ET-17 * TRANSIENT FASTING ENHANCES REPLICATION AND THERAPEUTIC ACTIVITY OF ONCOLYTIC HSV IN GLIOBLASTOMA THERAPY

Abstract

BACKGROUND AND OBJECTIVE: Short term fasting has been shown to enhance efficacy of chemotherapy by sensitizing tumor cells and protecting normal cells in a variety of cancer models including glioblastoma (GBM). Malignant cells, unlike normal cells, respond to fasting by promoting oncogenic signaling and protein synthesis, which could in turn sensitize them to anticancer agents, broadening therapeutic window. We hypothesize that fasting increases replication of oncolytic herpes simplex virus (oHSV) and its oncolytic activity in glioblastoma.

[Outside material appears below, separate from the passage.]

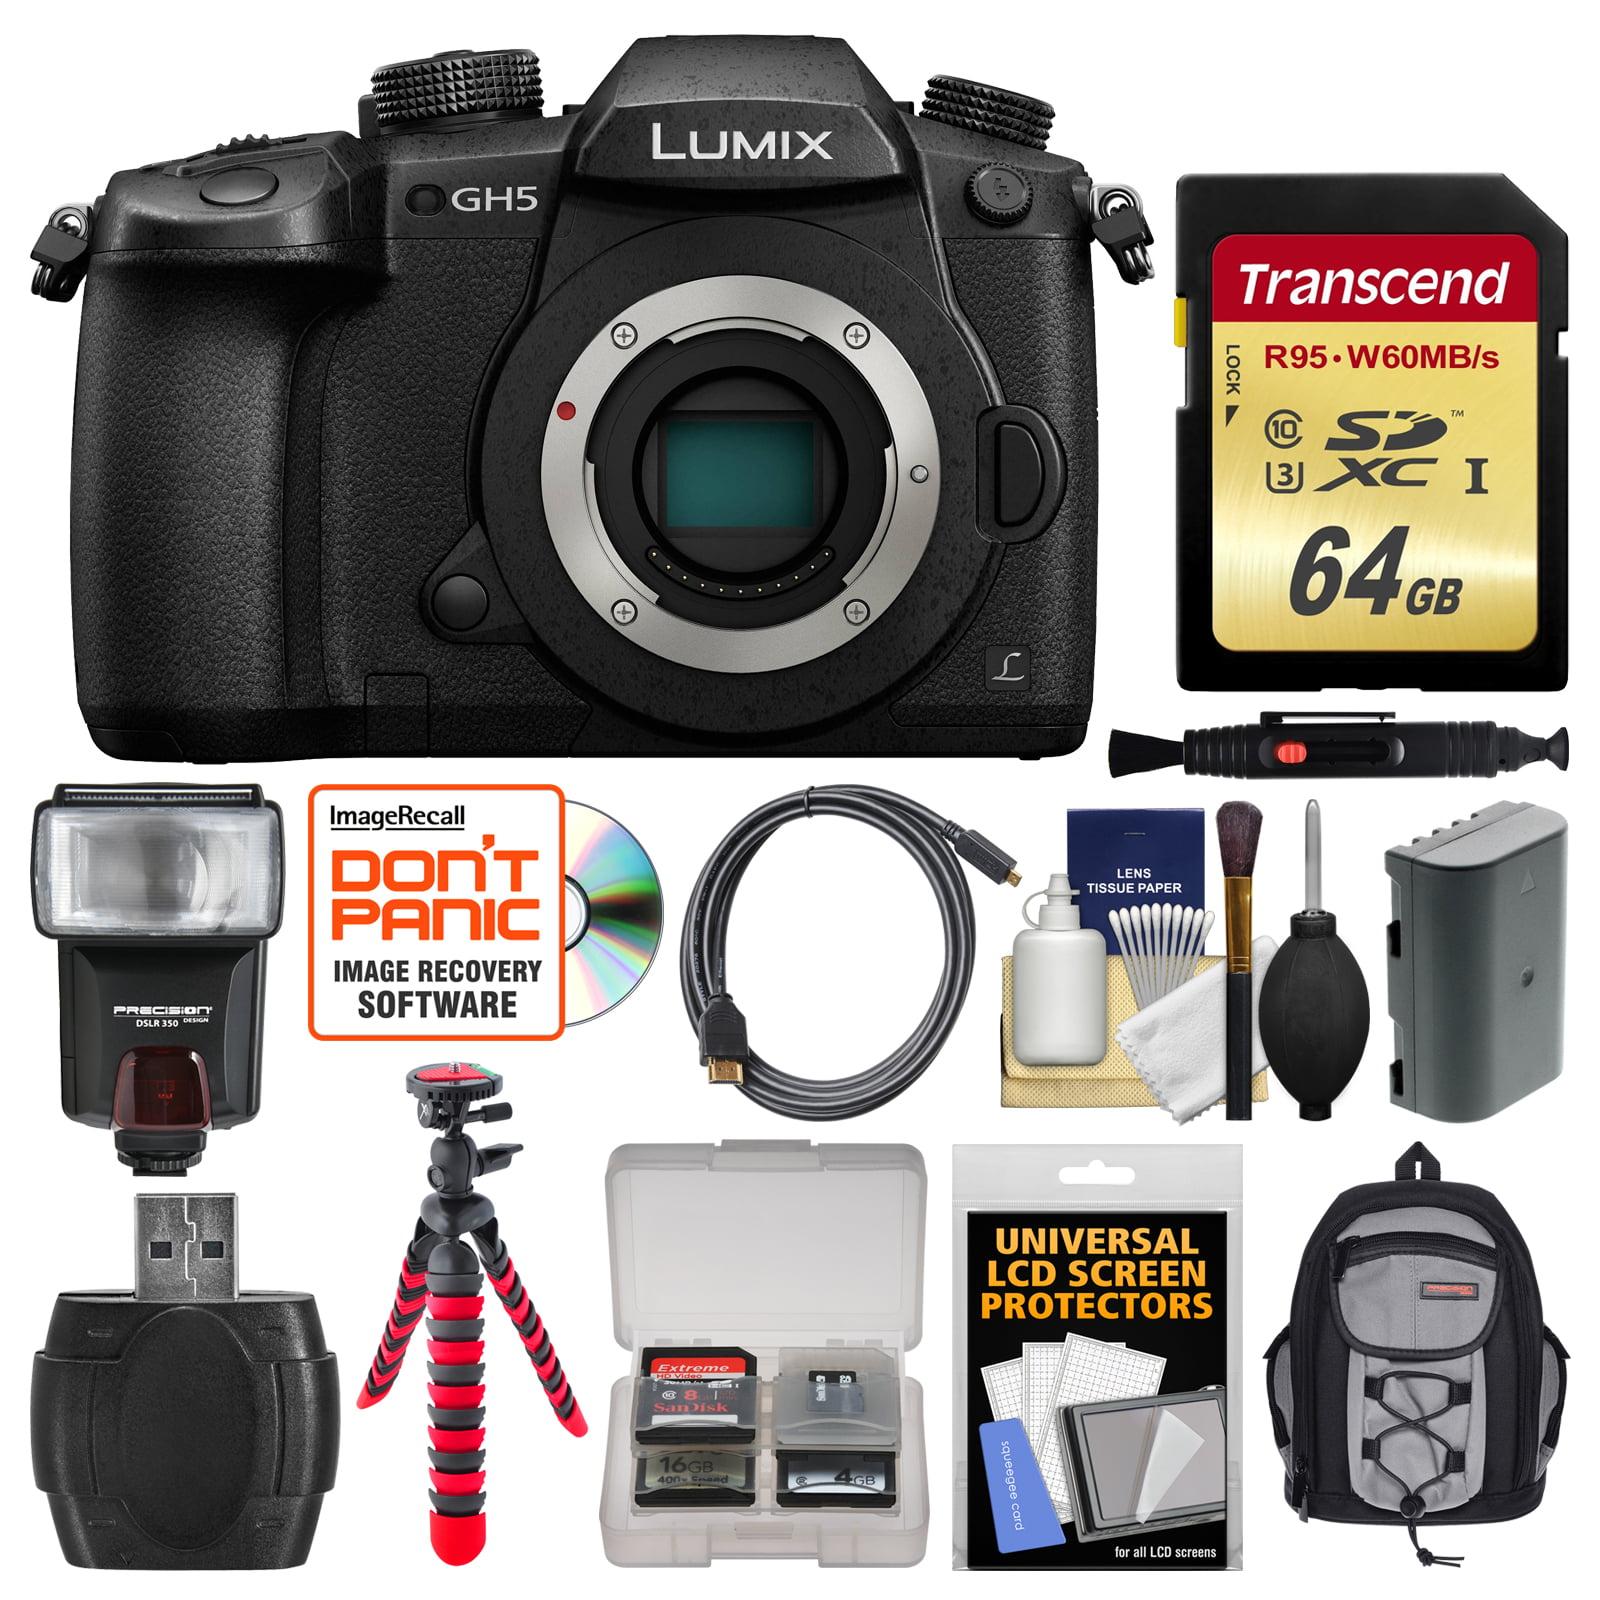 Panasonic Lumix DC-GH5 Wi-Fi 4K Digital Camera Body with 12-35mm Lens + 64GB Card + Backpack + Flash + Battery... by Panasonic

MATERIALS AND METHODS: Patient-derived GBM cell lines, MGG8F and MGG29F, were subjected to transient fasting by switching culture medium [DMEM (4.5 g/L of glucose) supplemented with 10% fetal calf serum (FCS)] to DMEM with low glucose (0.5 g/L) and 1% FCS. oHSV G47δ [Y34.5(-), ICP6 (-), LacZ (+), α47 (-)], currently tested in a phase I/II trial for recurrent GBM, and its derivative G47δ-US11 fluc, expressing firefly luciferase driven by the late US 11 promoter, were used to investigate the impacts of short term fasting on late HSV gene expression, virus yields and tumor cell killing. RESULTS: 24-hour fasting followed by 24-hour recovery with regular medium increased luciferase expression after G47δ-USllfluc infection of MGG8F and MGG29F cells. Transient fasting mediated 2-3-fold increase in G47δ yields in both GBM cells, but not in normal human astrocytes. Although transient fasting alone did not alter cell growth, it significantly enhanced G47δ killing of GBM cells in vitro. In vivo, 48-hour food restriction doubled luciferase activity and caused no toxicity when G47δ-US1 lfluc was intratumorally injected in orthotopic MGG8F xenografts. CONCLUSION: Transient fasting increased viral replication of G47δ and strengthened its oncolytic activity in GBM cells. These results suggest that transient fasting may be effectively combined to enhance oncolytic HSV therapy of GBM.